Claim 22 comprises a method for reducing the likelihood of cancer chemotherapy-induced nausea and vomiting, comprising intravenously administering to a human in need thereof a pharmaceutical single-use, unit-dose formulation comprising a 5 mL sterile aqueous isotonic solution buffered at a pH of about 5.0+0.5, said solution comprising: about 0.05 mg/mL Palonosetron HCl based on the weight of its free base; and a tonicifying effective amount of mannitol; wherein said solution optionally comprises one or a combination of a citrate buffer and a chelating agent, wherein said formulation is stable at 24 months when stored at room temperature, and wherein said intravenous administration to said human occurs before the start of the cancer chemotherapy.
Claims 23-27 and 30 are dependent on claim 22.
Reddy’s argued that the above claims of US ‘094 Patent are taught, either expressly or inherently, in the prior art, or are obvious in view of the prior art.

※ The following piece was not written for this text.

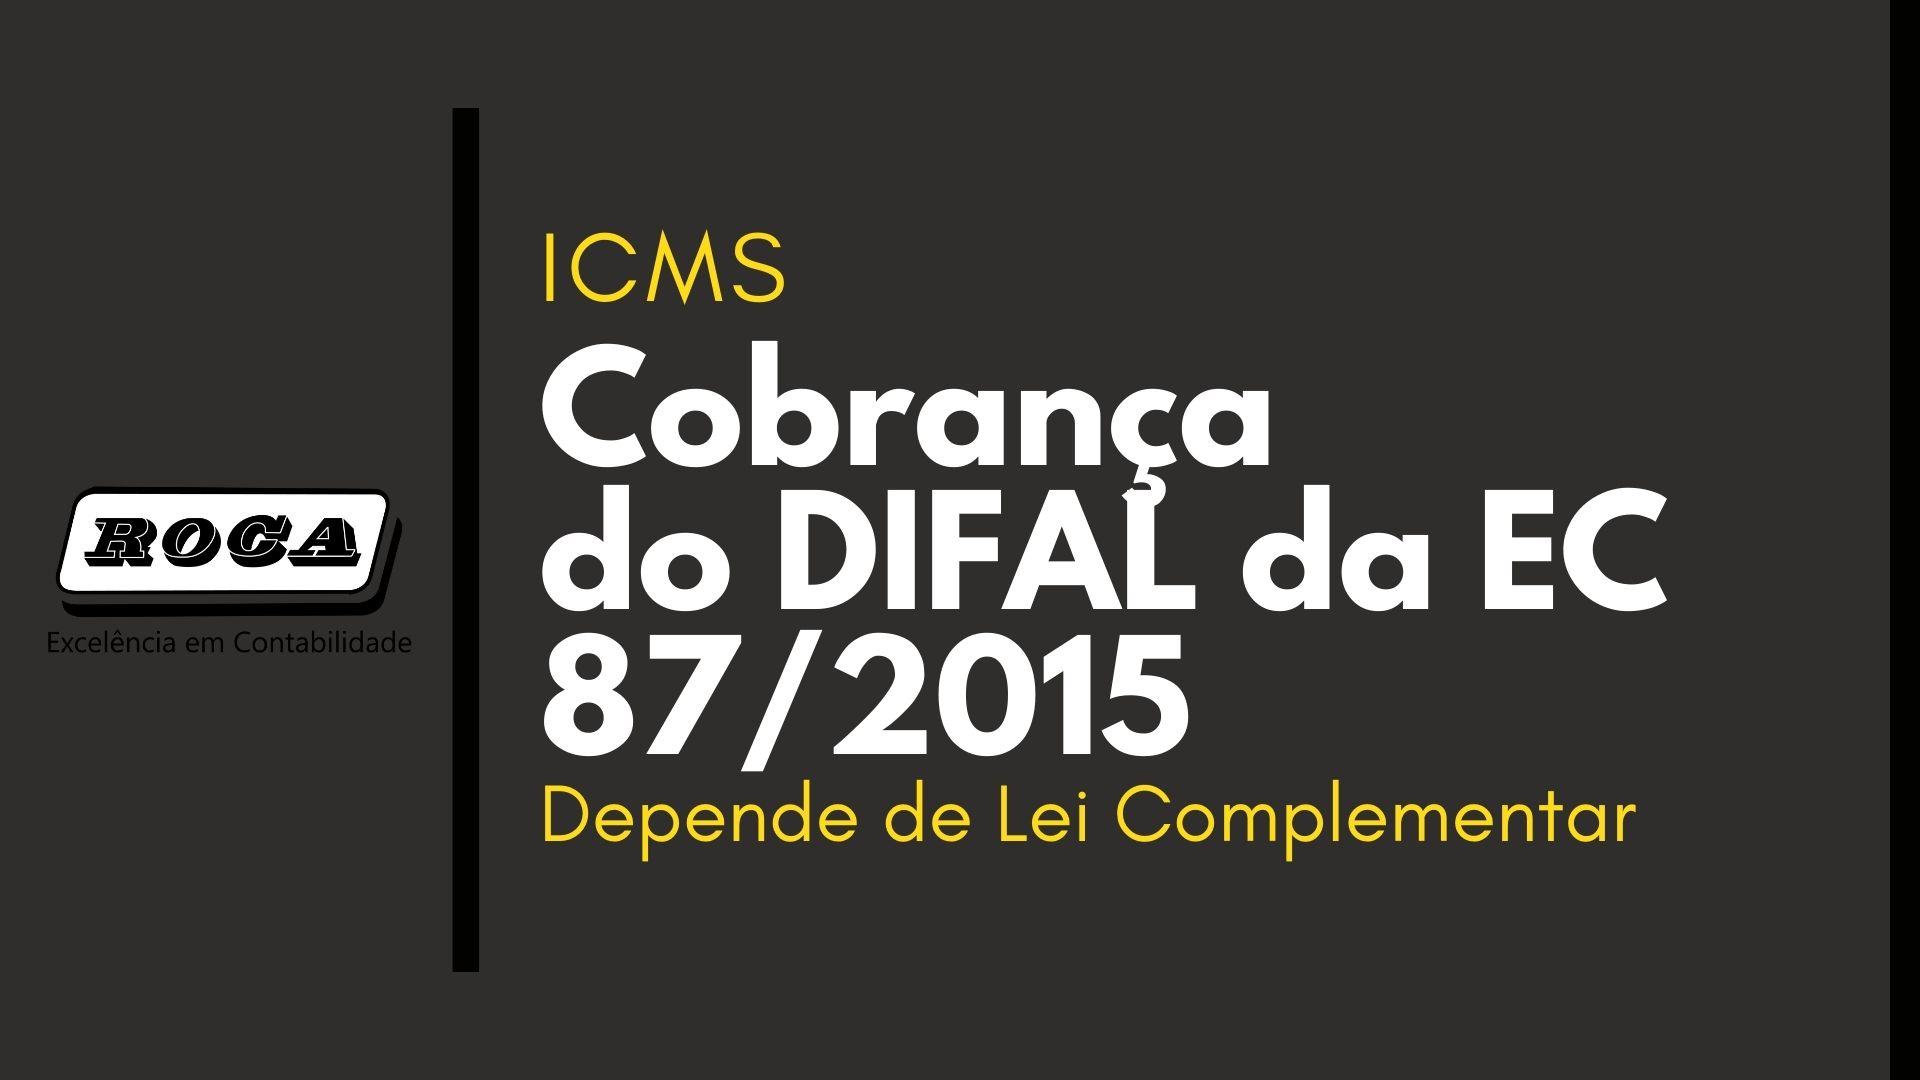 ICMS: Cobrança Do DIFAL Da EC 87/2015, Depende De Lei Complementar

The following documents have been opted as a prior art in the present case (imp considered):
i) Berger’s U.S. Patent No. 5,202,333 which claims Palonosetron and described the synthesis of the molecule, and various analogs, and it provided some basic information about how Palonosetron could be formulated and used;
ii) Chelly’s Abstracts of Scientific Papers 1996 Annual Meeting, 85 Anesthesiology, No. 34, A21 (Sept. 1996) which discloses results of a completed Phase II clinical study in humans where Palonosetron was administered orally to 351 patients to prevent postoperative nausea and vomiting (“PONV”) following laparoscopic surgery, dosed at 0.3, 1.0, 3.0, 10.0, and 30μg/kg [0.021mg, 0.07mg, 0.21mg, 0.7mg, and 2.1mg] or placebo;
iii) Tang’s The Efficacy of RS-25259, a Long-Acting Selective 5-HT3 Receptor Antagonist, for Preventing Postoperative Nausea and Vomiting After Hysterectomy Procedures, which discloses preliminary efficacy of Palonosetron in a second Phase II clinical study;
iv) Zofran’s In Physician’s Desk Reference 1503-07 (55th ed.);
v) Avis et al., Parental Drug Administration: Routes, Precautions, Problems, complications, and Drug Delivery Systems and etc.,
Reddy’s argued that the invention claimed in claim 22-27 and claim 30 are obvious to a person skilled in the art in view of the combination of the teachings disclosed in the above prior art.